Accounting Provides the method for collecting and sending security server information used for billing, auditing, and reporting. Examples of information collected by accounting include user identities, start and stop times, executed commands (such as Point-to-Point Protocol [PPP]), number of packets, and number of bytes. Accounting enables tracking of the services users are accessing and of the amount of network resources they are consuming.
There are three main components of the AAA framework, as shown in Figure 9-1.
Figure 9-1. Basic AAA Architecture
Client This is the user client PC or laptop from which users try to access resources.
Network Access Server (NAS) or AAA Client The client makes a connection to NAS either to configure it (for device management) or to access network resources through it (for example, Virtual Private Network setup for accessing the network resources of a local-area network [LAN] segment behind the NAS). The communication between the client and the NAS depends on the application. For instance, if the intention is to manage the NAS, then options available are Telnet, Secure Shell (SSH), and console. Examples of NAS or AAA clients include routers, switches, virtual private network (VPN) concentrators, and PIX firewalls.

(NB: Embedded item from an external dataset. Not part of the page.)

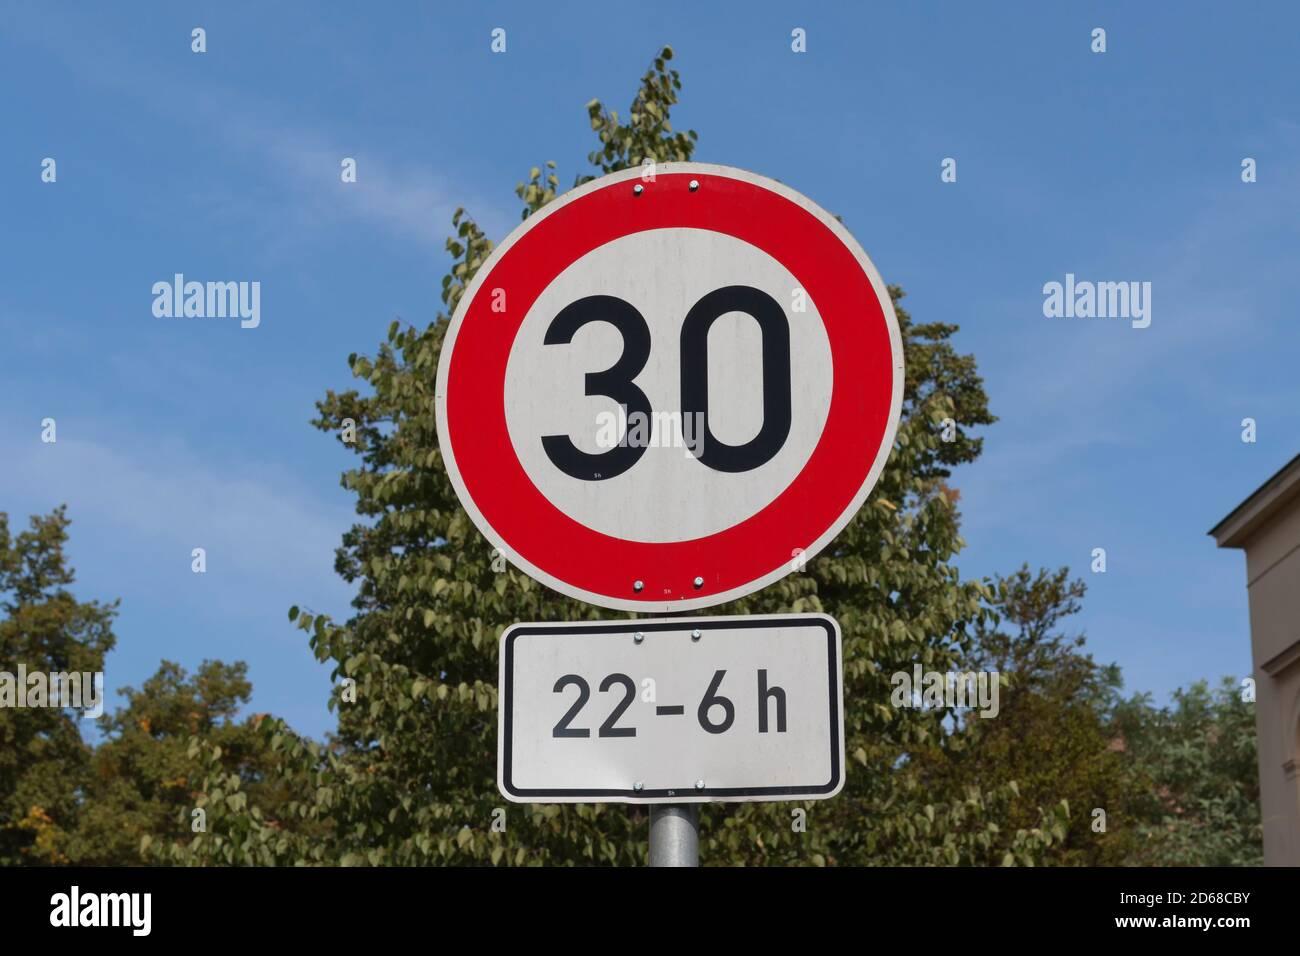 Speed 30, street sign in Berlin Stock Photo

Authentication Server The actual user profile resides at the authentication server when a built-in local user database is used. The Authentication Server can be integrated with various external user databases such as Microsoft Active Directory, Novell NDS (Netscape Directory Server), and so on. If the authentication server is integrated, the user profiles reside on the external user databases. When the client tries to access the network resources to log in to the NAS, NAS forwards that request to the Authentication Server. The NAS itself can act as the Authentication Server, but it is not very scalable. Examples of authentication servers include Cisco Secure Access Control Server (CSACS) on Windows (see Chapter 13, "Troubleshooting Cisco Secure ACS on Windows"), Cisco Secure Unix, and Cisco Access Registrar. The communication between the NAS and the AAA server requires special protocols, which leads to the next topic in the chapter.
AAA Communication Protocols
Several protocols are used in AAA communications between the NAS and Authentication Server including TACACS+, RADIUS, Kerberos, TACACS, and XTACACS. As TACACS+ and RADIUS are highly used protocols for AAA, we will discuss only these two protocols in the following section in greater details.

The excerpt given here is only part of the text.